» SUPPLIED MATERIAL
⁂

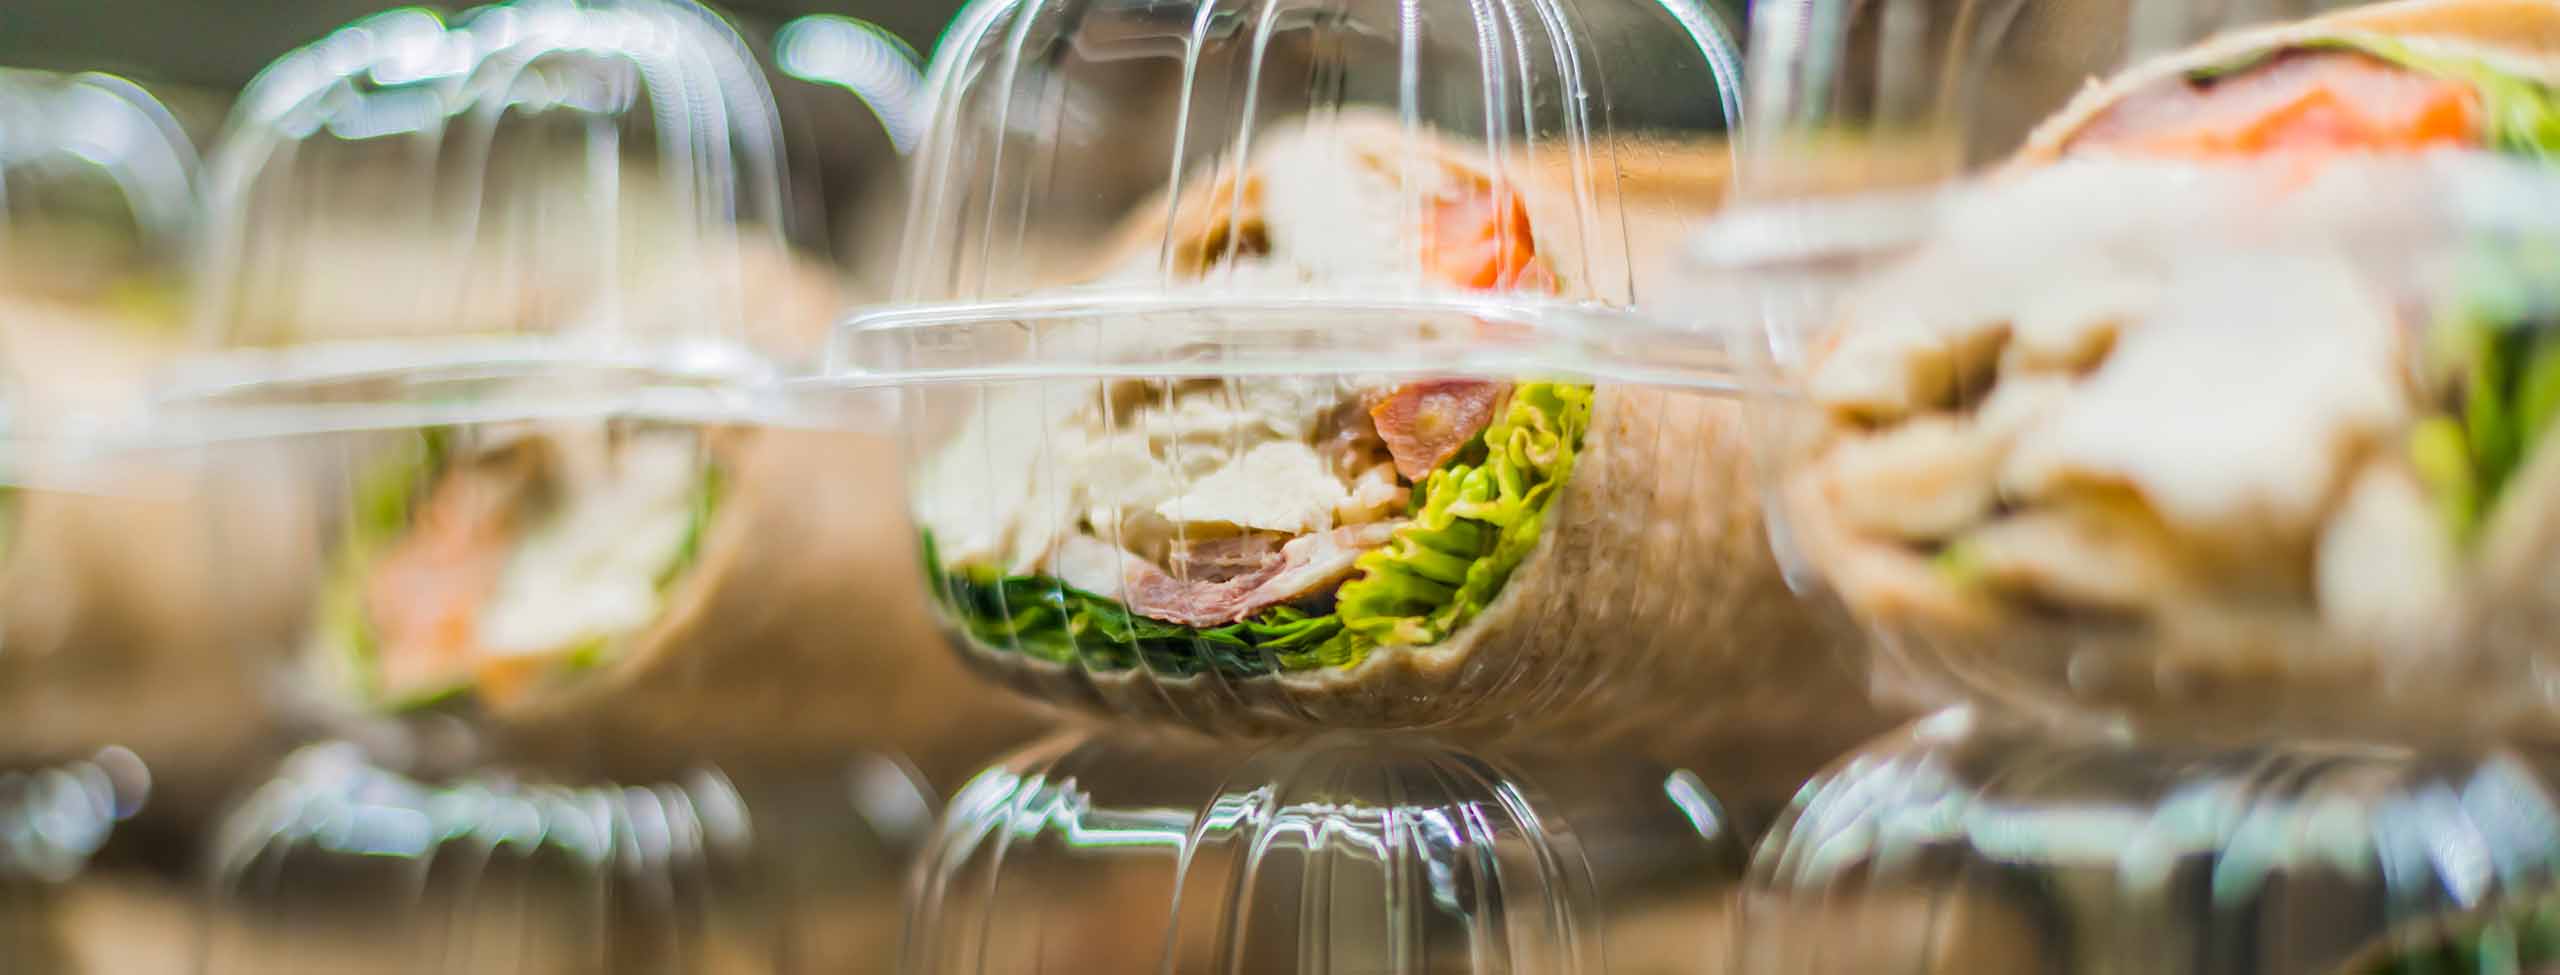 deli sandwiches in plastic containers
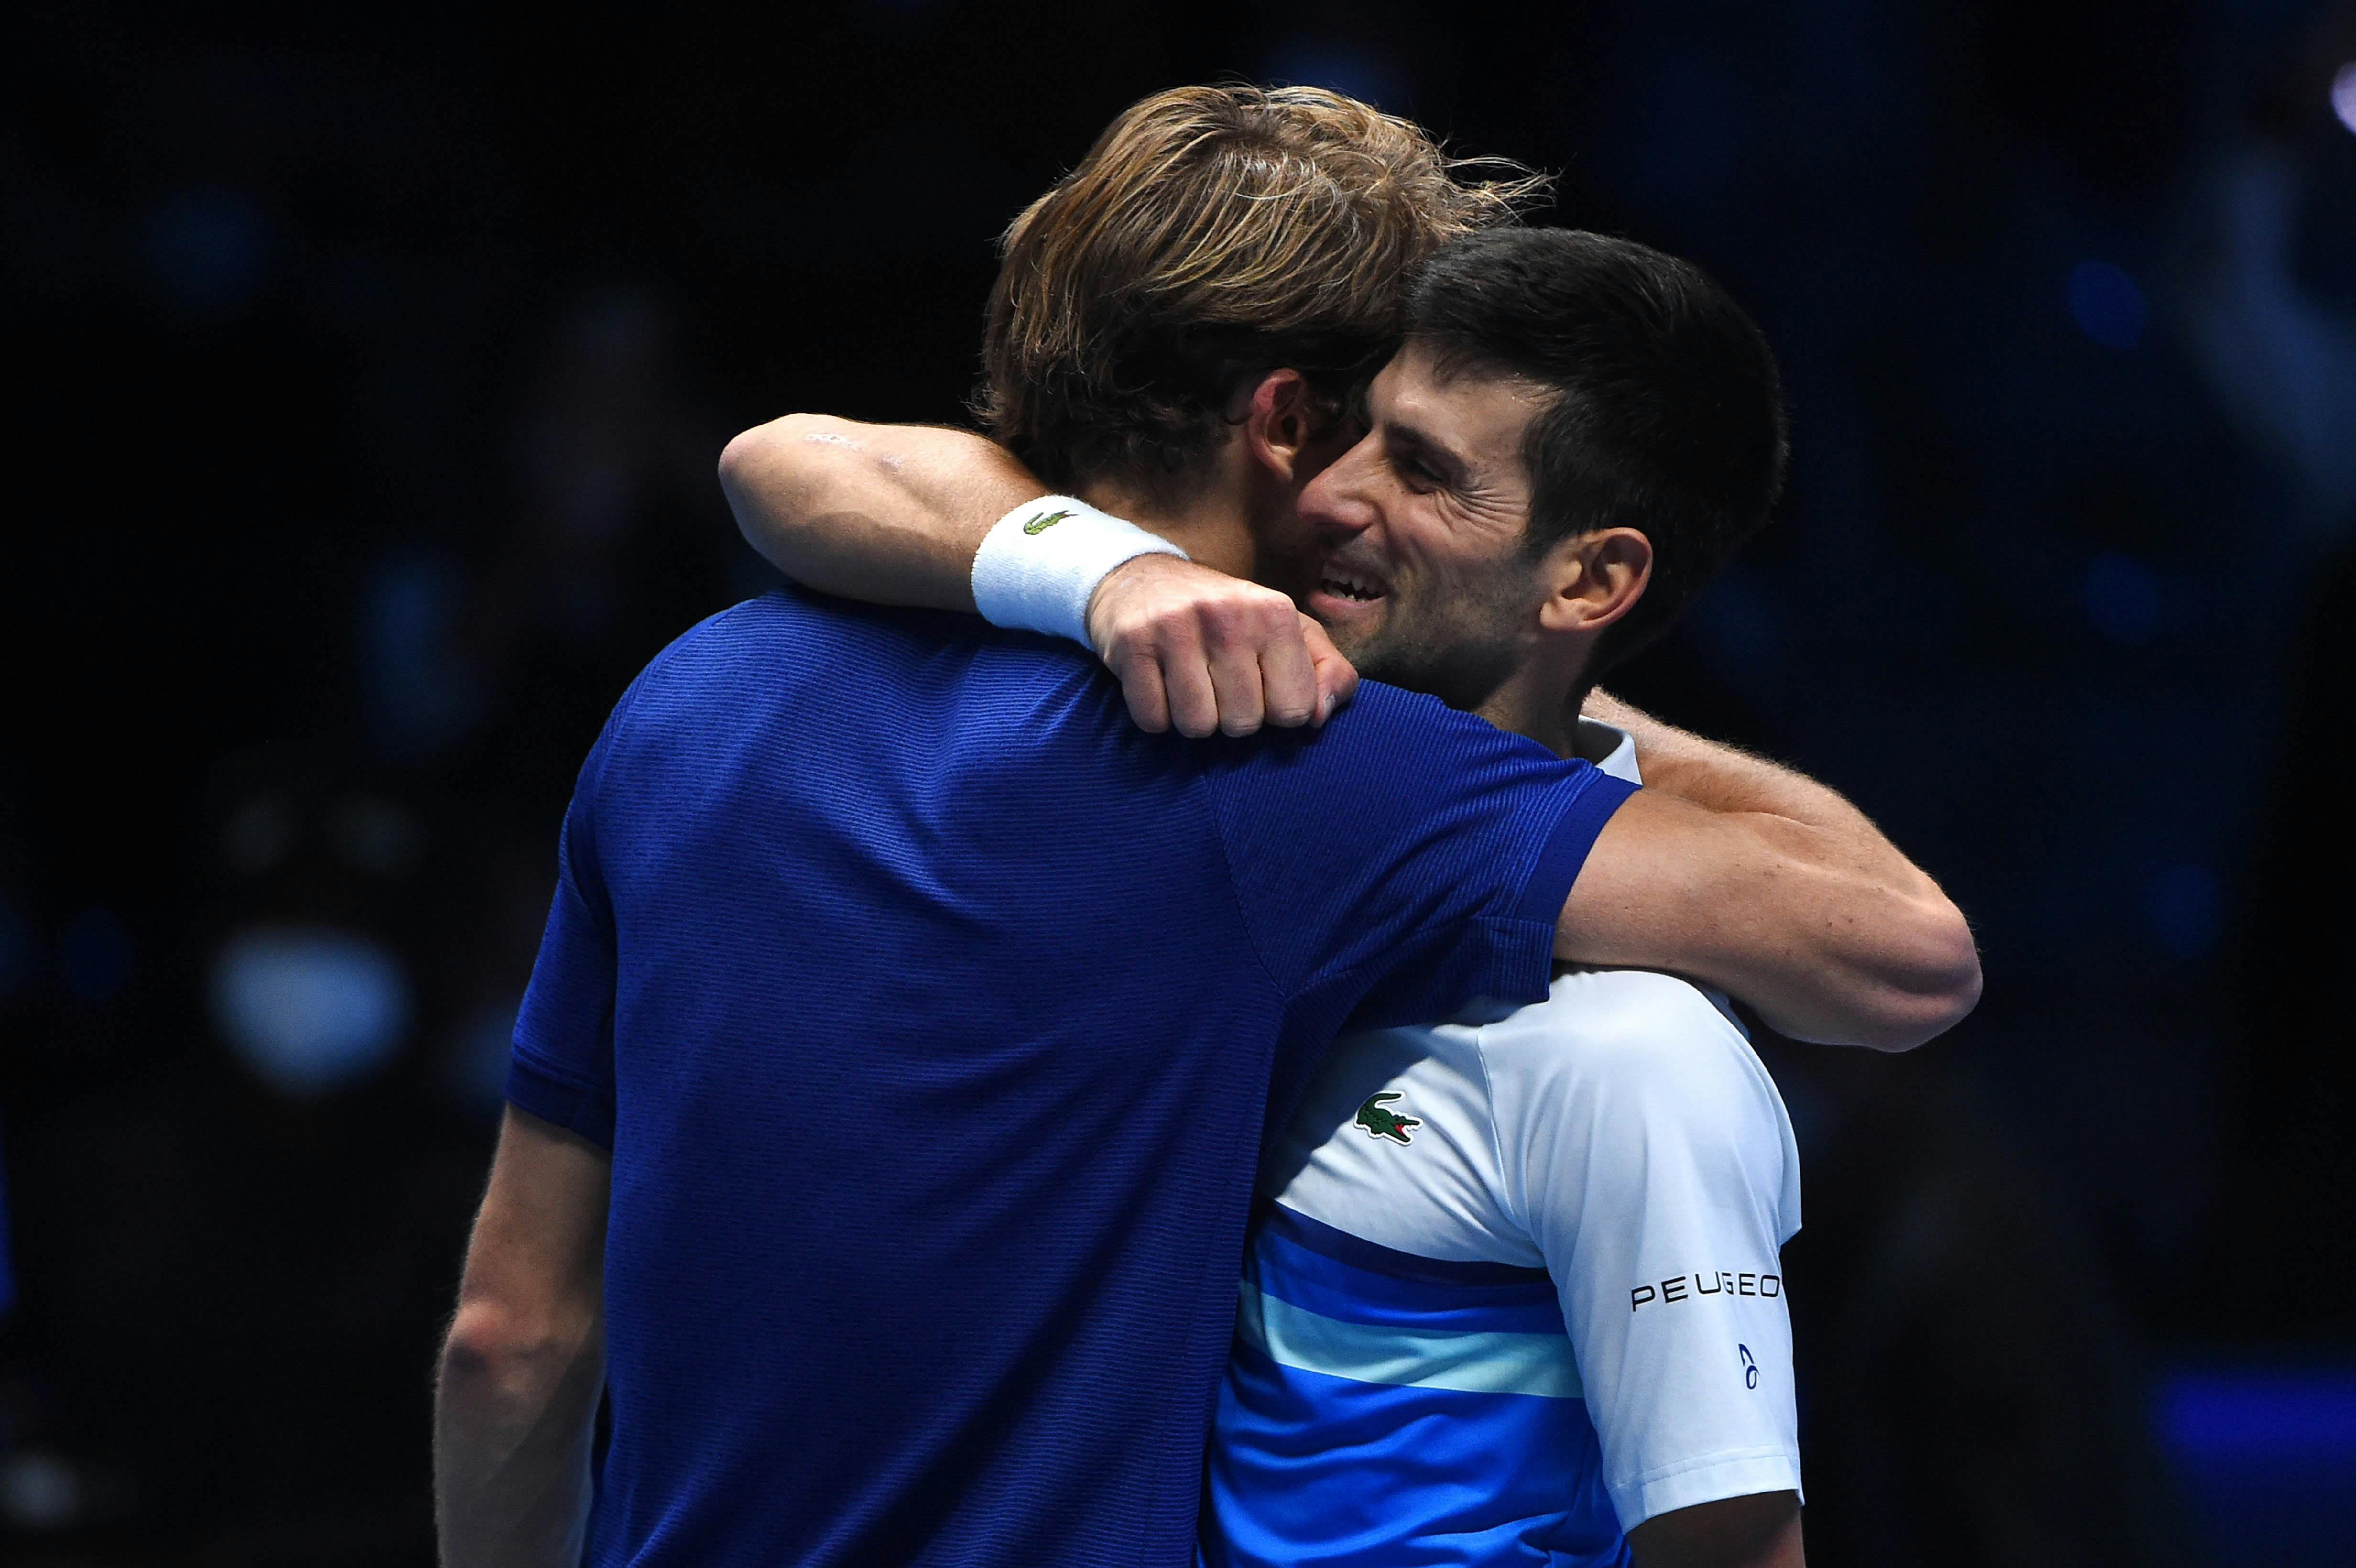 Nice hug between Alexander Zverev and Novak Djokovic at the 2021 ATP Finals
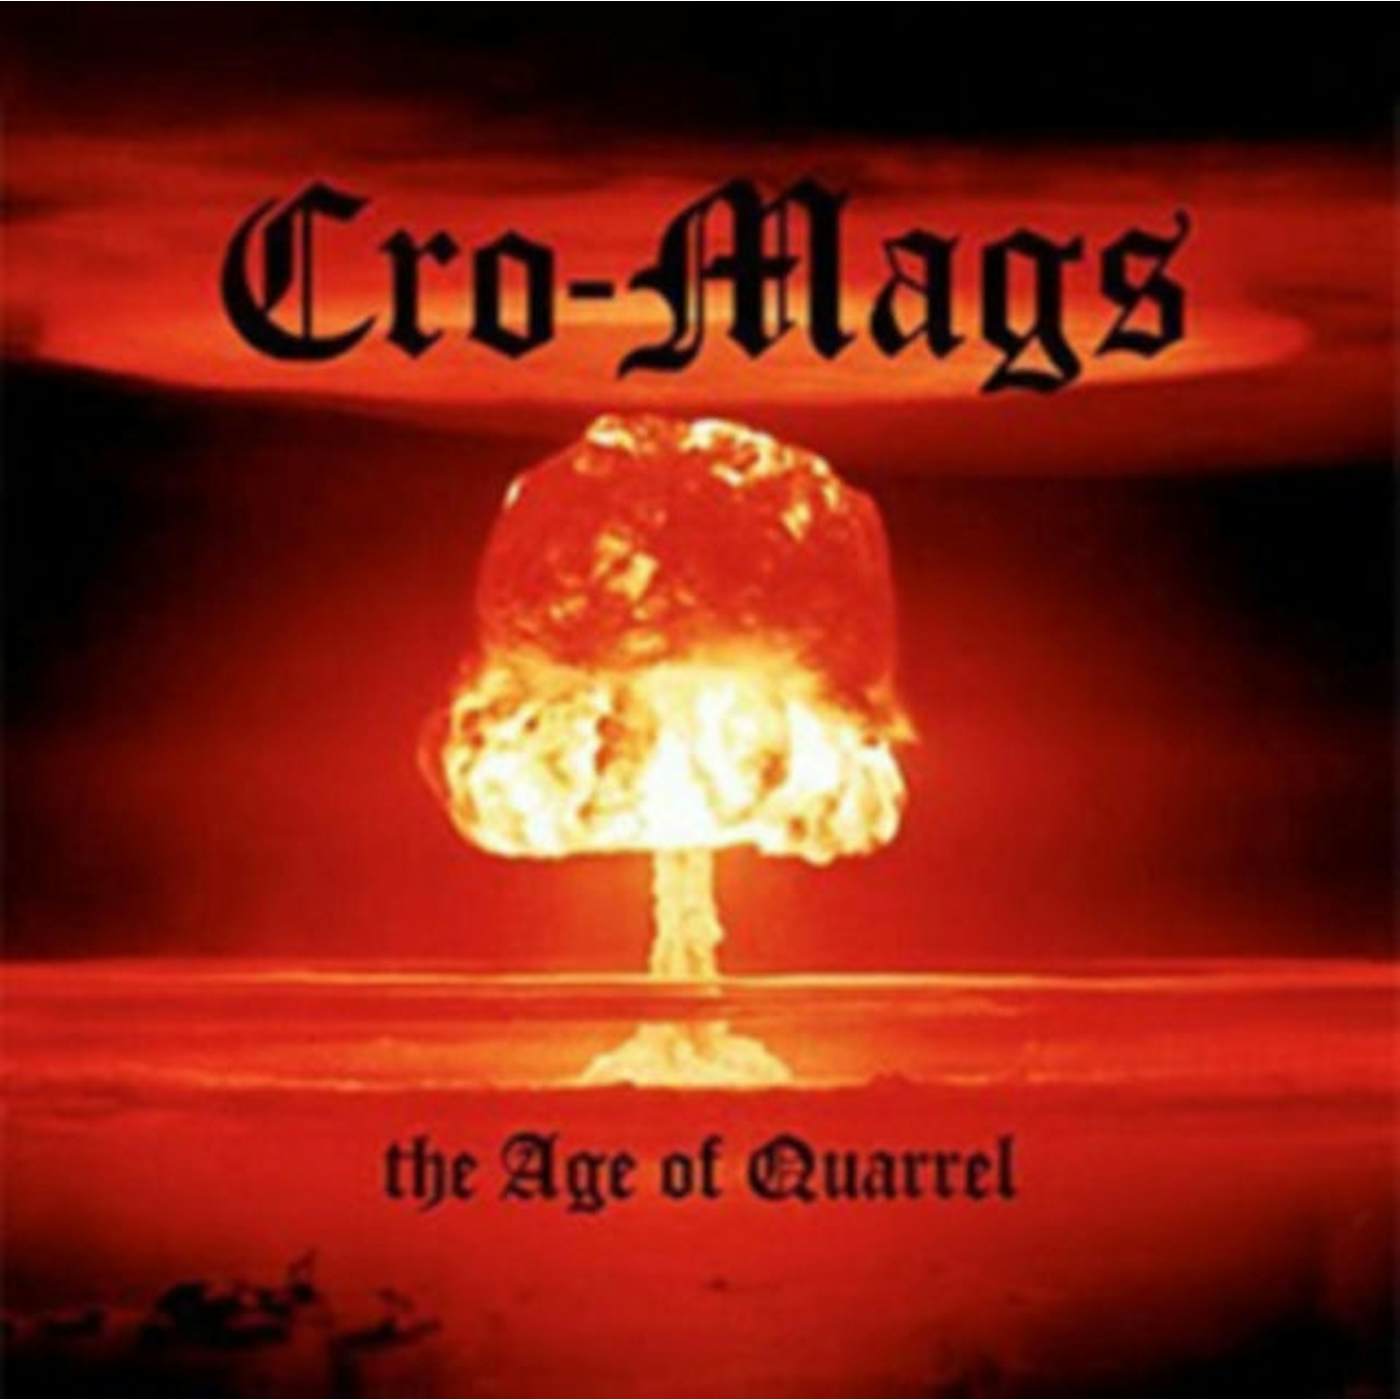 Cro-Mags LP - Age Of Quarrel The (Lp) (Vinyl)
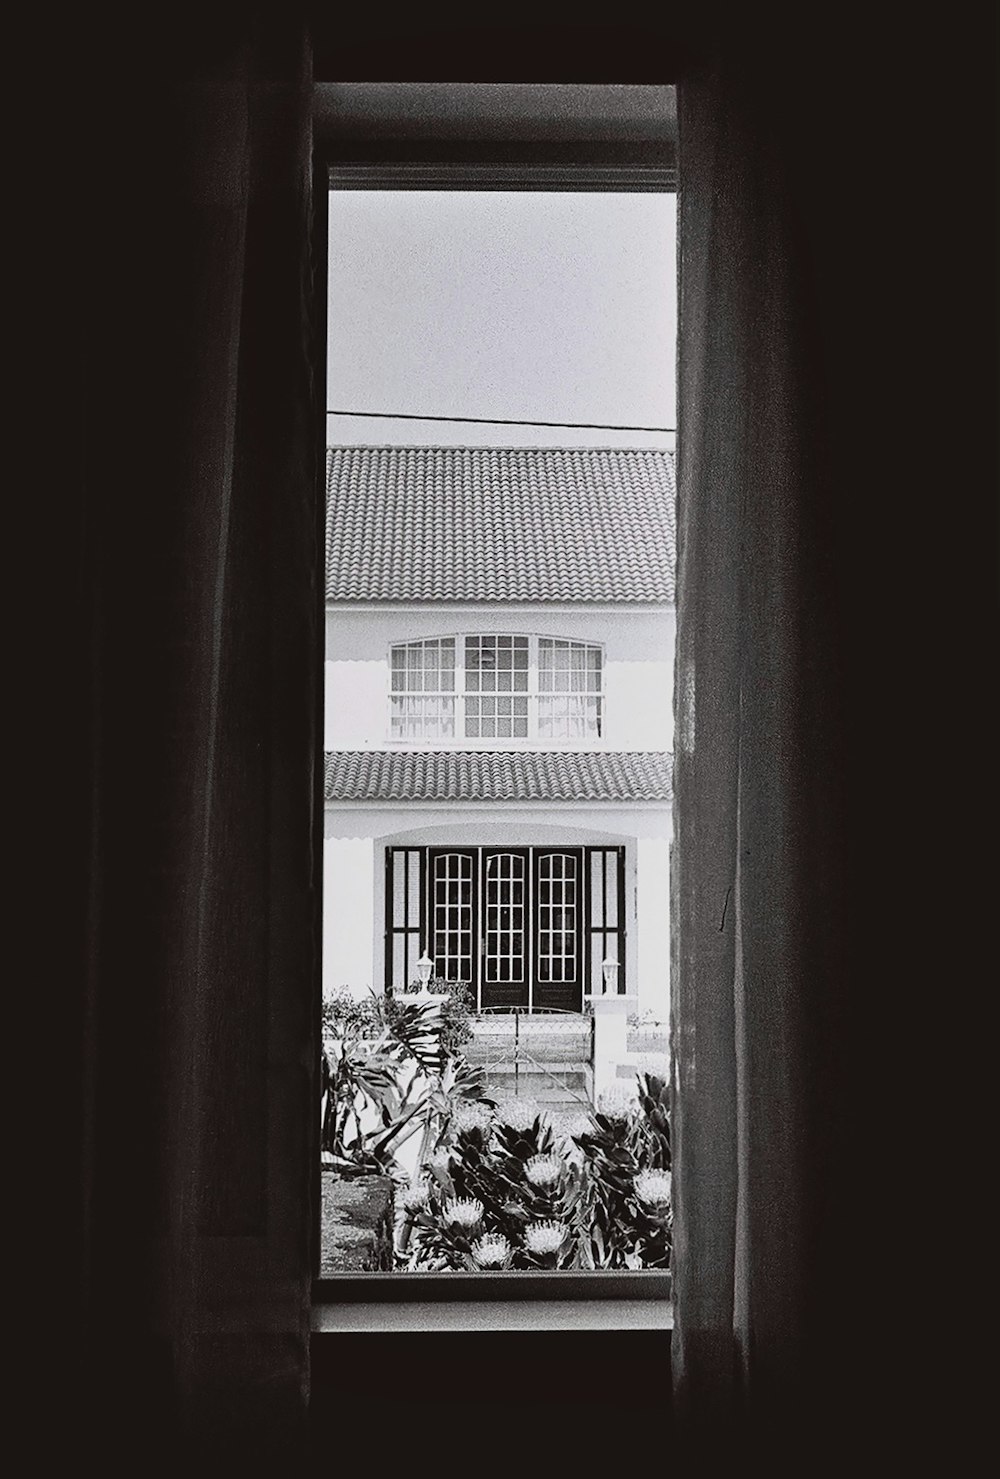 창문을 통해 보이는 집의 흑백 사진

⁂

From the first line to the last, retype the material exactly and exclude the pictures.

» SOLUTION FOR THIS EXERCISE
 deli sandwiches in plastic containers
 Nice hug between Alexander Zverev and Novak Djokovic at the 2021 ATP Finals
 Cro-Mags LP - Age Of Quarrel The (Lp) (Vinyl)
 창문을 통해 보이는 집의 흑백 사진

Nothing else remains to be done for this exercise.